REPUBLIKA.CO.ID, GENEVA -- A Vietnamese diplomat once posted at the country's consulate in Geneva said he has sought political asylum in Switzerland, just days before a UN review of Vietnam's human rights record.
Dang Xuong Hung, who served as the consul from 2008 to 2012, when he formally withdrew from the Vietnamese Communist Party, told Geneva station Leman Bleu on Sunday that he had applied for Swiss asylum last October.
"The Berlin wall fell 25 years ago, but Vietnam is still under a communist regime," he said.
"The Vietnamese Communist Party persists with its aim to continue the dictatorship, to continue with a one-party regime."

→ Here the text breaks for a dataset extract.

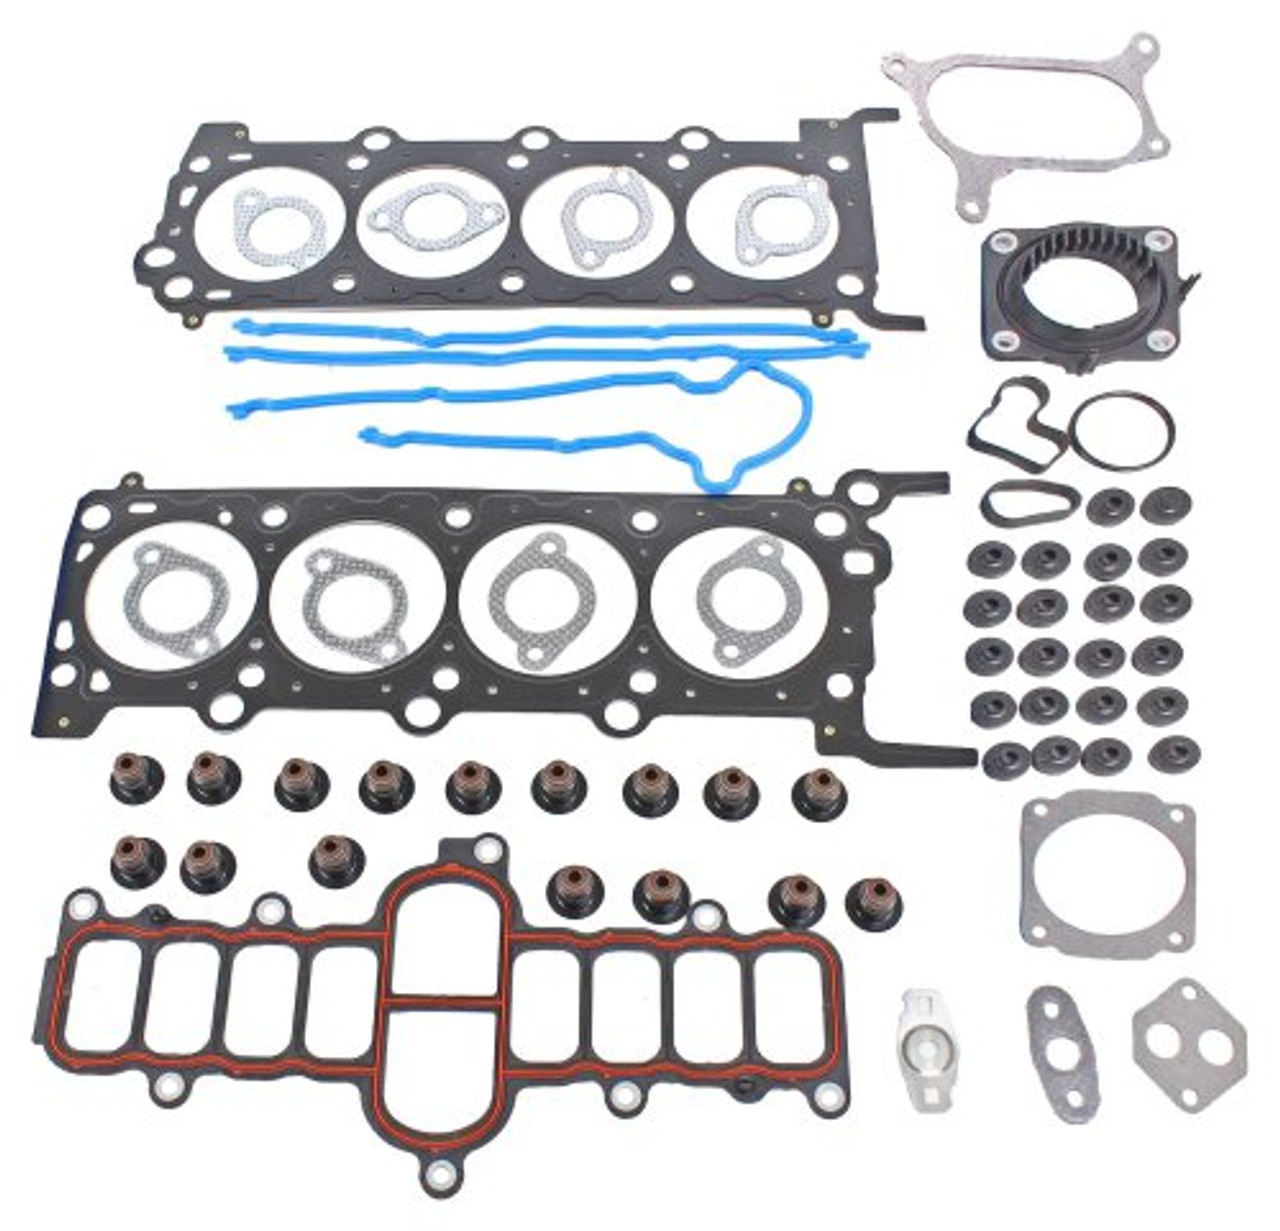 Head Gasket Set - 2014 Ford E-150 4.6L Engine Parts # HGS4221ZE6

Dang, who began working for the Vietnamese foreign ministry in 1983, blamed the one-party system for "the total crisis" Vietnam was experiencing in all areas.
"There is an economic crisis, a political crisis, and crisis in education, in health," he said, adding that he hoped his defection would prompt others to follow his lead.

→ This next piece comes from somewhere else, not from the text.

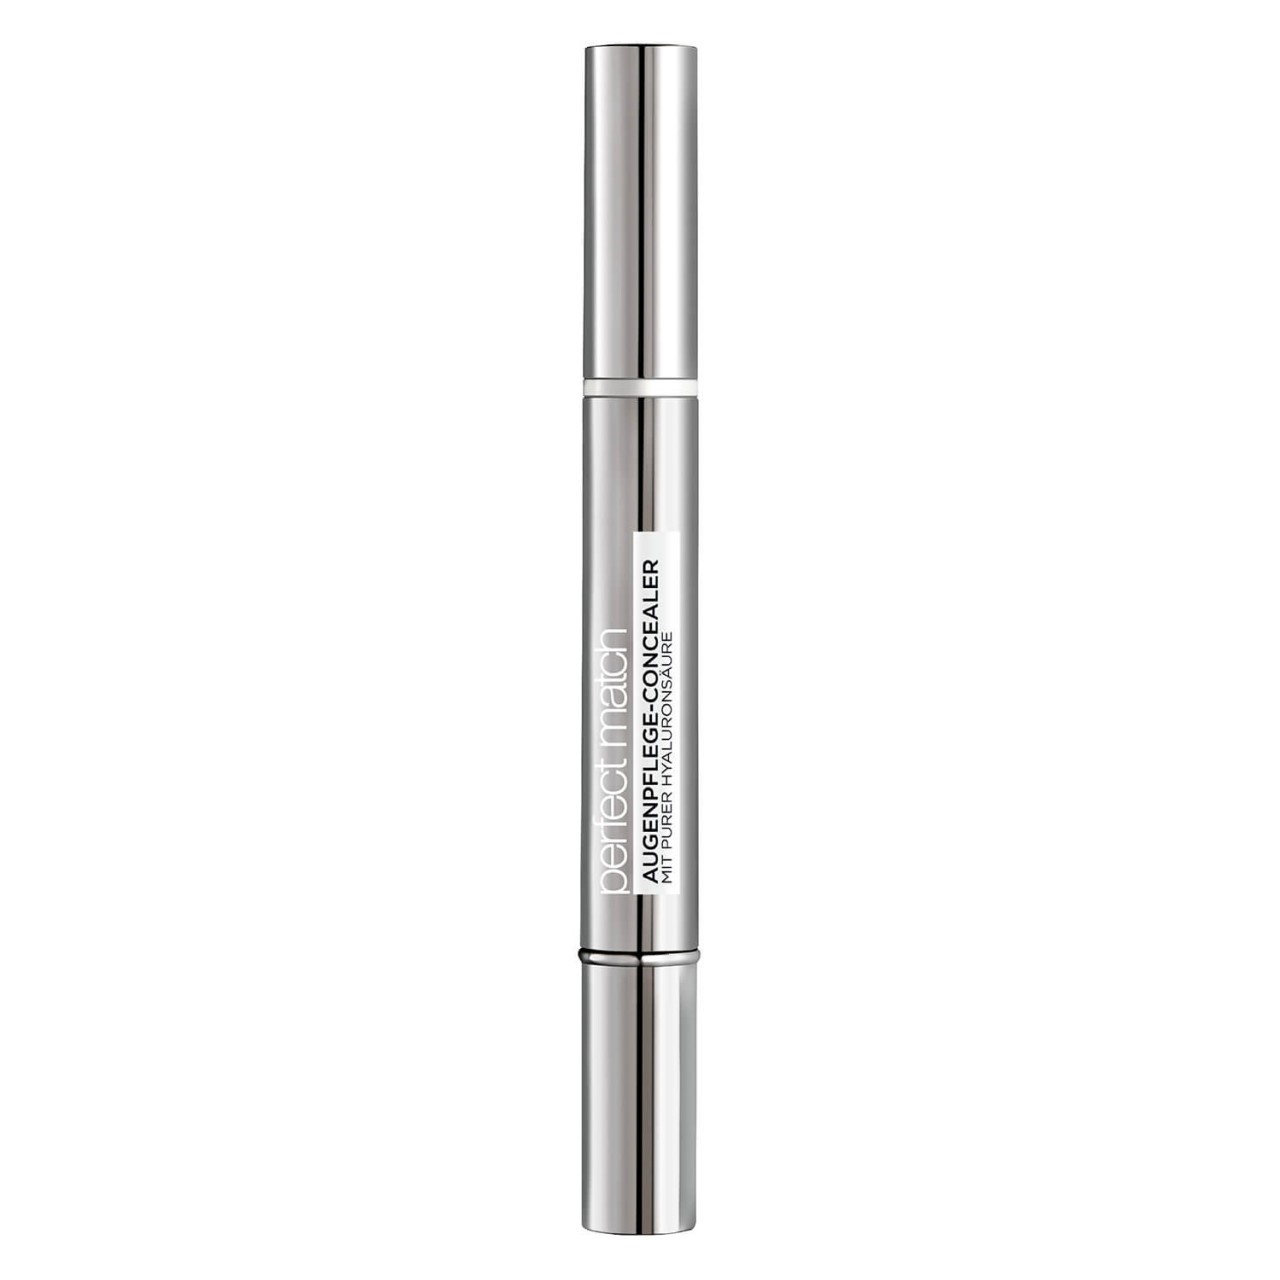 LOréal Perfect Match - Augenpflege-Concealer 1-2D Ivory Beige von L'Oréal Paris

The news came ahead of a review before the UN's top human rights body of Vietnam's rights record.
In a letter to the Vietnamese delegation attending the so-called Universal Periodic Review before the UN Human rights Council, Dang voiced empathy with diplomats who "care about Vietnam, but are shackled by invisible bonds".
He urged the delegation to openly admit to Vietnam's violations.
"Once we dare speak the truth, we won't have to waste time dishonestly concealing the facts," he wrote.
Rights groups meanwhile decried that an independent journalist and civil society advocate scheduled to speak on the sidelines of the UPR in Geneva this week had been blocked from leaving Vietnam.
"We are alarmed at the Hanoi government's attempts to silence Pham Chi Dung," Hillel Neuer, head of Geneva-based rights group UN Watch, said in a statement.
UN Watch and Vietnamese pro-democracy group Viet Tan had invited Pham, who publicly quit the Communist Party last December, to speak at a side event on Tuesday focused on Vietnam's responsibilities as a new member of the Human Rights Council.
Police had prevented him from boarding his flight in Saigon on Saturday, even though he held a valid Vietnamese passport and a Swiss visa, they said.
"Only authoritarian governments deny citizens their freedom of travel and right to free expression," Viet Tan spokesman Duy Hoang said.
The organisers said Pham's message would be conveyed at Tuesday's event even if he could not attend physically.